There is a relatively small uncertainty range with currently producing fields because they are online, while under development has more uncertainty and forecasts there always miss the mark, Umekwe said, whether on the high or low side.

With under evaluation volumes, he said, there are also commercial risks and the chance development won’t happen within the 10-year window, including uncertainty in the start of sustained production and reservoir performance uncertainties. CD5 exceeded the projected production rate, Umekwe said, while GMT1 didn’t meet the expected rate.

In near-term production, focus is on capturing impacts of scheduled maintenance, he said, and on engaging operators on near-term plans, drilling schedules and rig commitments.

For long-term projections, Umekwe said the division tries to keep in touch with operators on their field development plans and applies engineering judgment.

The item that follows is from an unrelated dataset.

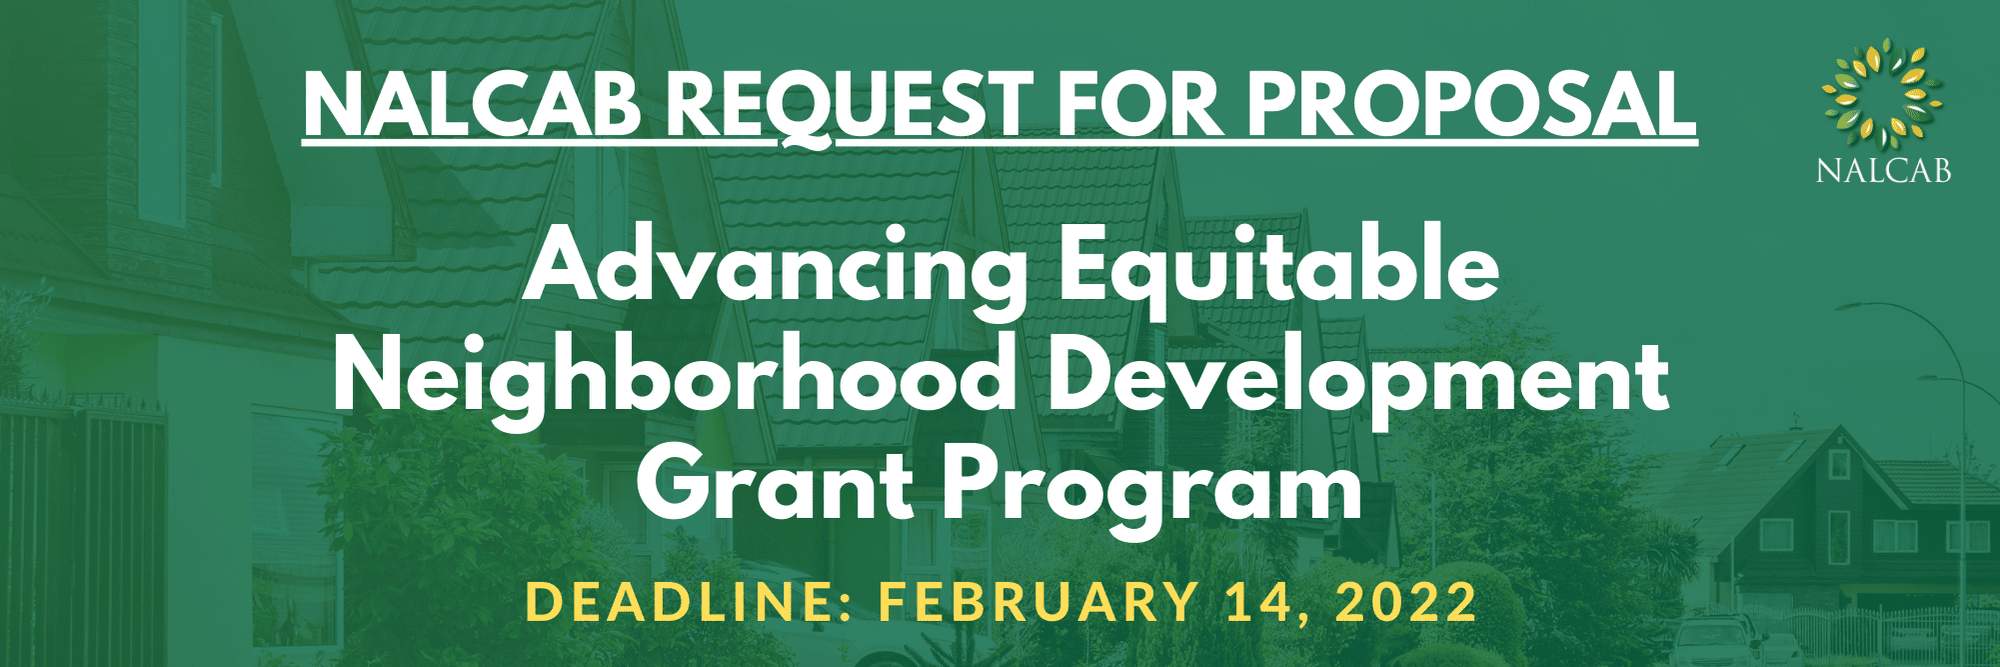 Advancing Equitable Neighborhood Development Grant Program Baner

Comparing the state’s forecast with producers’ outlooks, he said the state’s method in generating forecasts incorporates risks around timing. If a project is planned for 2022, the operator will reflect that in their estimates, he said, but the state doesn’t take that as a given - it still applies risk. There are lots of projects, projects really close to coming online, that didn’t come online, he said. Then explorers of fields that are not online often don’t provide volumes - the state includes those projects, he said, but risks them.

The goal isn’t to replicate numbers from the operators, Umekwe said, but to try to provide reliable numbers.